ALBERTA

Olympic champion Christine Nesbitt takes a break from speedskating to heal

09/25/2014 06:18 EDT | Updated 11/25/2014 05:59 EST
CALGARY - Christine Nesbitt hasn't laced up her speed skates since the Winter Olympics in Sochi, Russia, and isn't sure when she will again.

The former Olympic champion in the 1,000 metres isn't retiring, but she's delayed the start of her season. Nesbitt might not race at all this winter.

The 29-year-old from London, Ont., is rehabilitating her left leg which essentially gave out on her in the months leading up to the Winter Games in February.

Nesbitt captured Olympic gold in the 1,000 metres in 2010 and set a world record in the distance two years later. She's won the 1,000 at the world single-distance championship three times.

A consistent podium finisher in World Cups, Nesbitt's performance suddenly went sideways in the months leading into Sochi where she finished ninth in the 1,000.

"I have no idea when I'll be back skating," Nesbitt told The Canadian Press on Thursday. "It could be this season. The plan is to come back, but it just depends on how my body heals.

"Last year, I pushed myself far beyond what I should have, but it was an Olympic season. I still view it this way. I had no option. I couldn't take the year off."

She believes the years of skating counter clockwise around ovals and leaning into her left leg simply took their toll at the worst possible time.

"We're still not really able to pinpoint what it was," Nesbitt said. "We do think it was an overuse injury, so many years of being in that skating position and pushing my body really hard.

"When you lose strength and co-ordination in that leg, when you're turning left, you have so much more pressure on it than you do on your right leg in a crossover. That's why I was losing my balance in races.

"I just wore out some parts of my body and they just were never given enough time to regenerate and heal and for the complementary muscles and tendons to get stronger and support the speedskating muscles."

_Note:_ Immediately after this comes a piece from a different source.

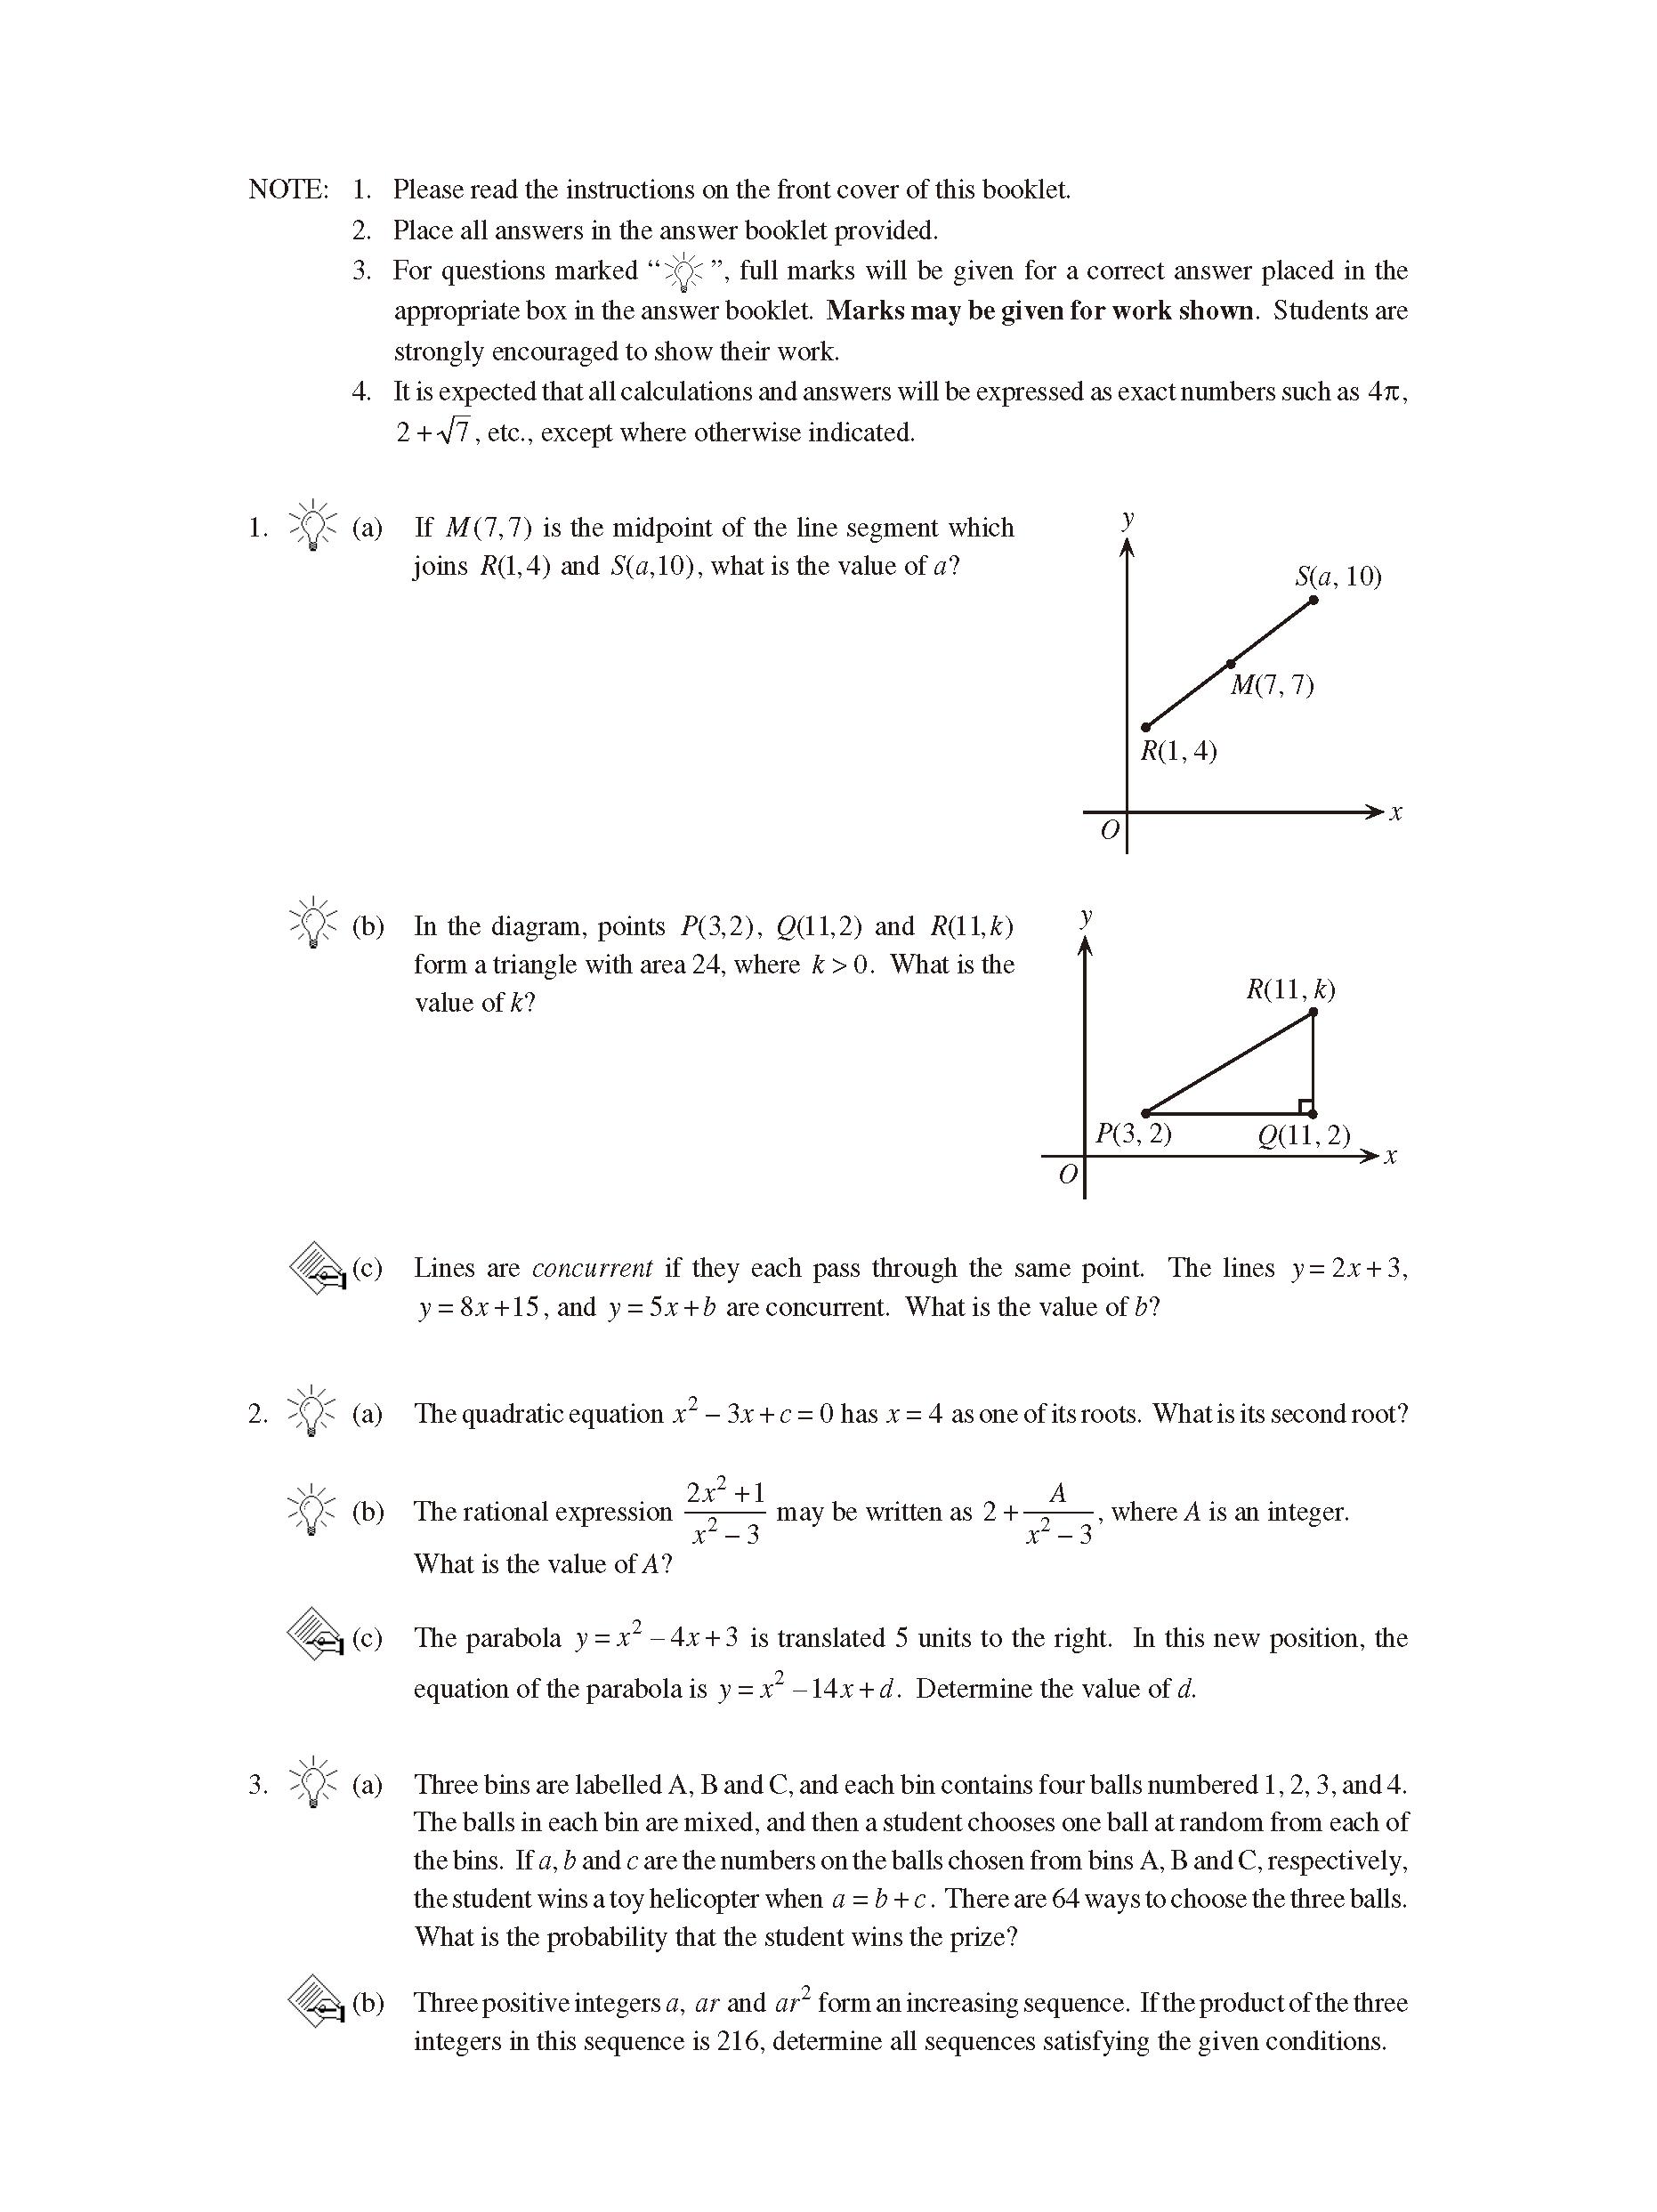 加拿大数学竞赛CMC-Euclid欧几里德数学竞赛2002年真题

The 11-member Canadian long-track team announced Thursday by Speedskating Canada was smaller in number than in previous years, although 20 athletes were named to the national development team.

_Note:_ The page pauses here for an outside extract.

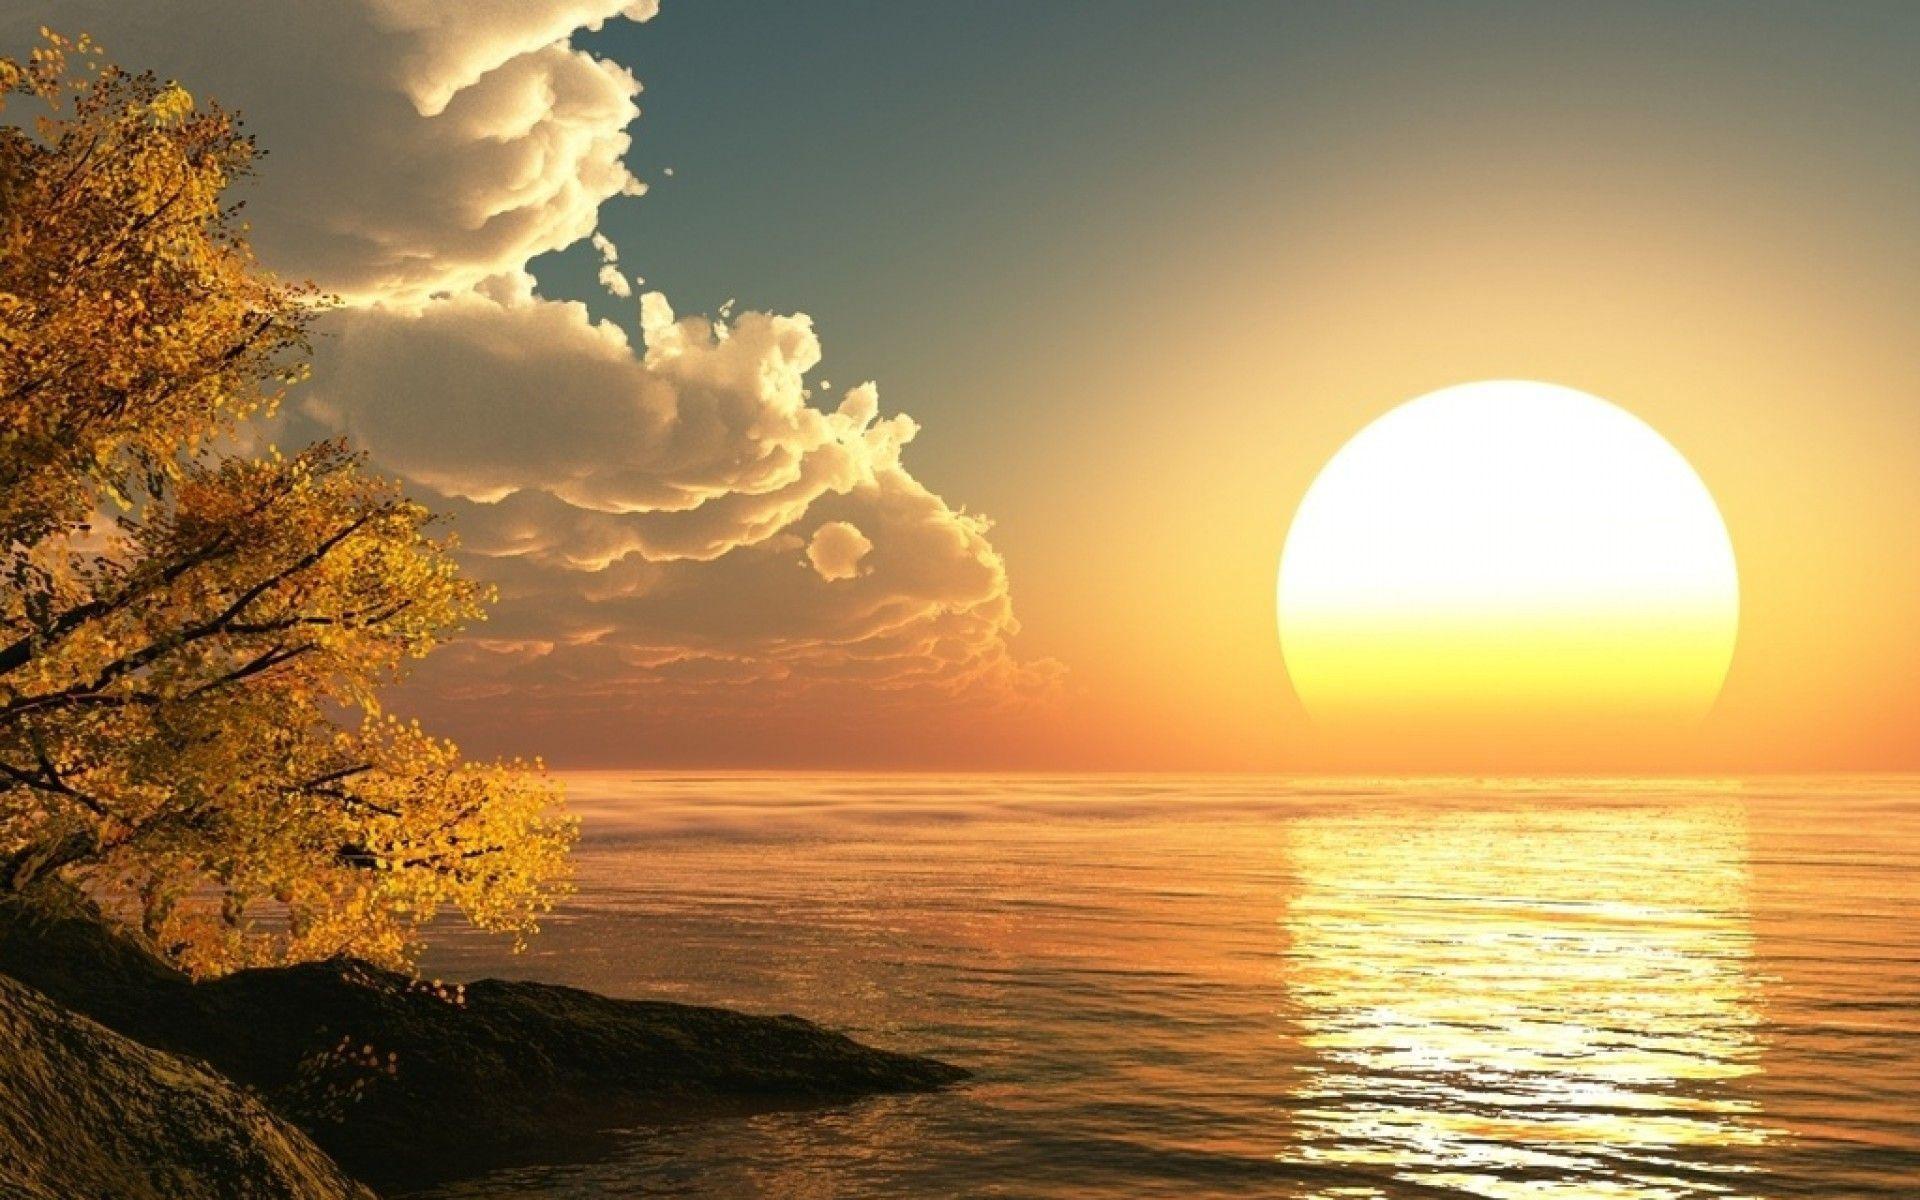 waking up early sunrise

After producing a combined 13 medals in the 2006 and 2010 Winter Olympics, Canada's long-track team won two in Sochi. Denny Morrison of Fort St. John, B.C., won silver in the 1,000 and bronze in the 1,500.

Nesbitt was among four women named to the team alongside Ottawa's Ivanie Blondin, Regina's Kali Christ and Calgary's Kaylin Irvine.

Morrison, Calgary's Gilmore Junio, Winnipeg's Tyler Derraugh, Laurent Dubreuil of Levis-Saint-Etienne-de-Lauzon, Que., Regina's William Dutton, Jamie Gregg of Edmonton and Alexandre St-Jean of Quebec City make up the men's squad.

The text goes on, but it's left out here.